Governo mantém negociações com os EUA
Durante o anúncio, Lula afirmou que o Brasil continuará buscando uma solução negociada com os Estados Unidos.
— Nós estamos na mesa de negociação, propusemos a mesa de negociação, já mandamos vários documentos e várias propostas de negociação. Eu, pessoalmente, fui aos EUA, ficamos 3 horas discutindo negociação. [Os ministros] Márcio, Alckmin, o Dario, e o Haddad, quando era ministro, fizeram várias tentativas de negociar e a gente nunca encontrou reciprocidade na conversa — declarou Lula.
Segundo integrantes do governo envolvidos nas conversas, as negociações avançaram no início, mas representantes da Casa Branca passaram a adotar uma postura considerada mais inflexível nos últimos meses.
De acordo com o governo brasileiro, os norte-americanos passaram a defender mudanças envolvendo o Pix e a legislação sobre minerais críticos. Integrantes da diplomacia também afirmam que informações apresentadas pelo Brasil sobre desmatamento foram desconsideradas pelos Estados Unidos.
Alckmin descarta retaliação neste momento
O vice-presidente Geraldo Alckmin afirmou, na terça-feira (21), que a intenção do governo não é retaliar os Estados Unidos neste momento e que a prioridade segue sendo a negociação.

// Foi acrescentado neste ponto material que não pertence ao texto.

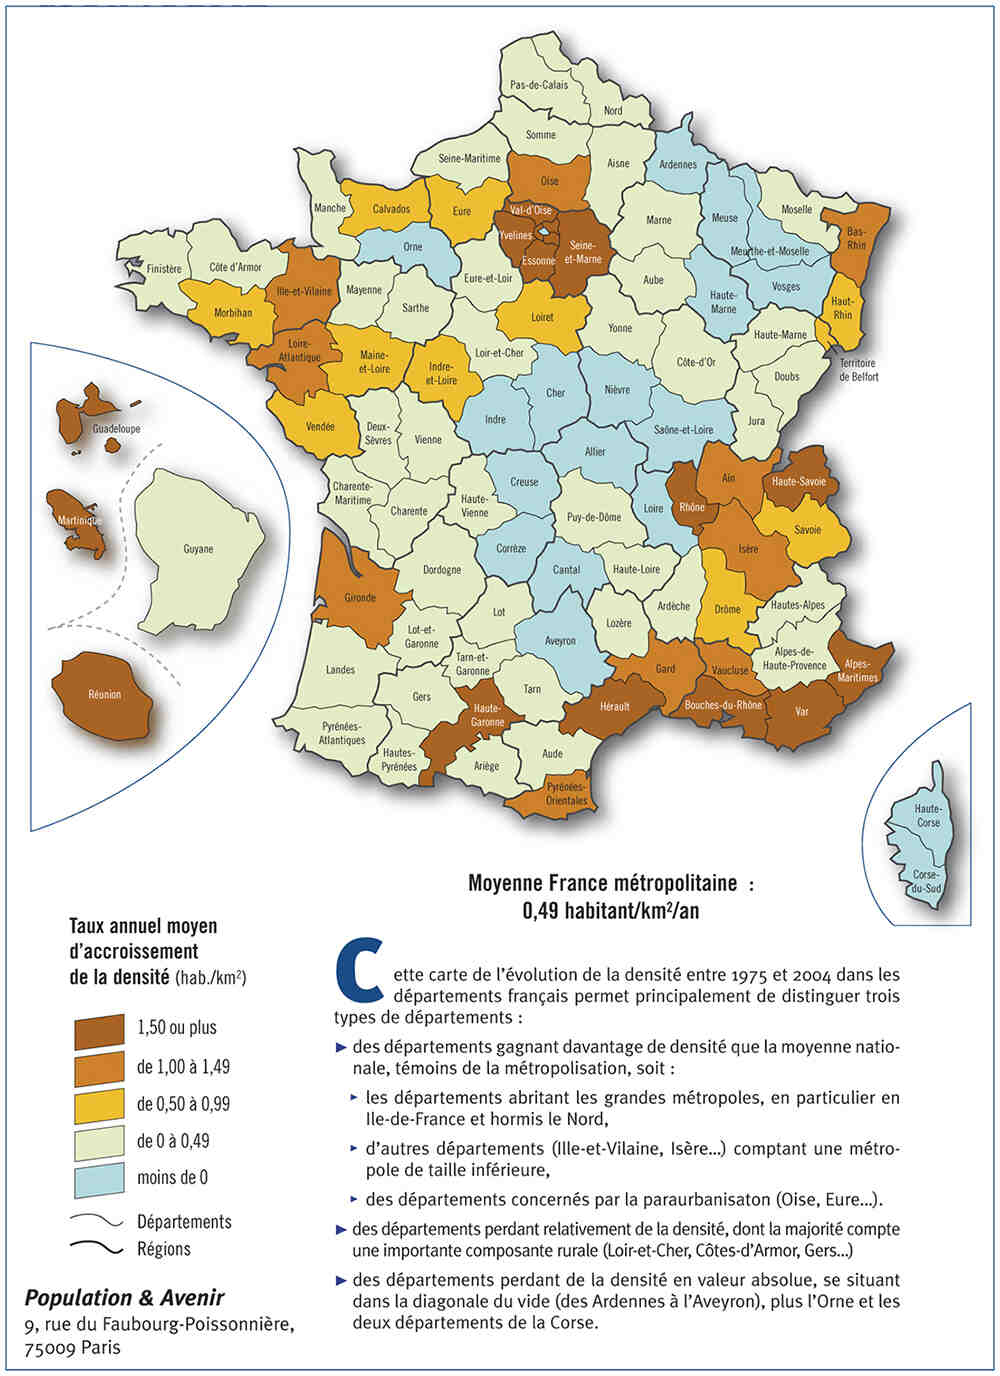 Quels sont les départements les plus peuplés de France?

— A ideia não é retaliação. Não é retaliação. ‘Olho por olho’, o que pode acontecer é os dois ficarem cegos, né? — afirmou o vice-presidente, em entrevista após a primeira rodada de reuniões com os setores produtivos que serão atingidos pela decisão do governo de Donald Trump.
Santa Catarina está entre os estados mais atingidos pelo tarifaço
Santa Catarina está entre os estados brasileiros mais atingidos pelo novo tarifaço imposto pelos Estados Unidos sobre produtos brasileiros. Segundo dados da Agência Brasileira de Promoção de Exportações e Investimentos (ApexBrasil), 68% das exportações catarinenses destinadas ao mercado norte-americano serão afetadas pela tarifa adicional de 25%, o maior nível de exposição proporcional entre os estados.
Ao lado de São Paulo, Santa Catarina concentra 52% de todo o impacto econômico da medida. Do total de US$ 7,4 bilhões em exportações brasileiras atingidas pelas novas tarifas, US$ 3 bilhões correspondem a produtos paulistas. Embora São Paulo concentre o maior volume financeiro afetado, Santa Catarina aparece como o estado mais vulnerável em termos proporcionais, devido à forte dependência do mercado americano.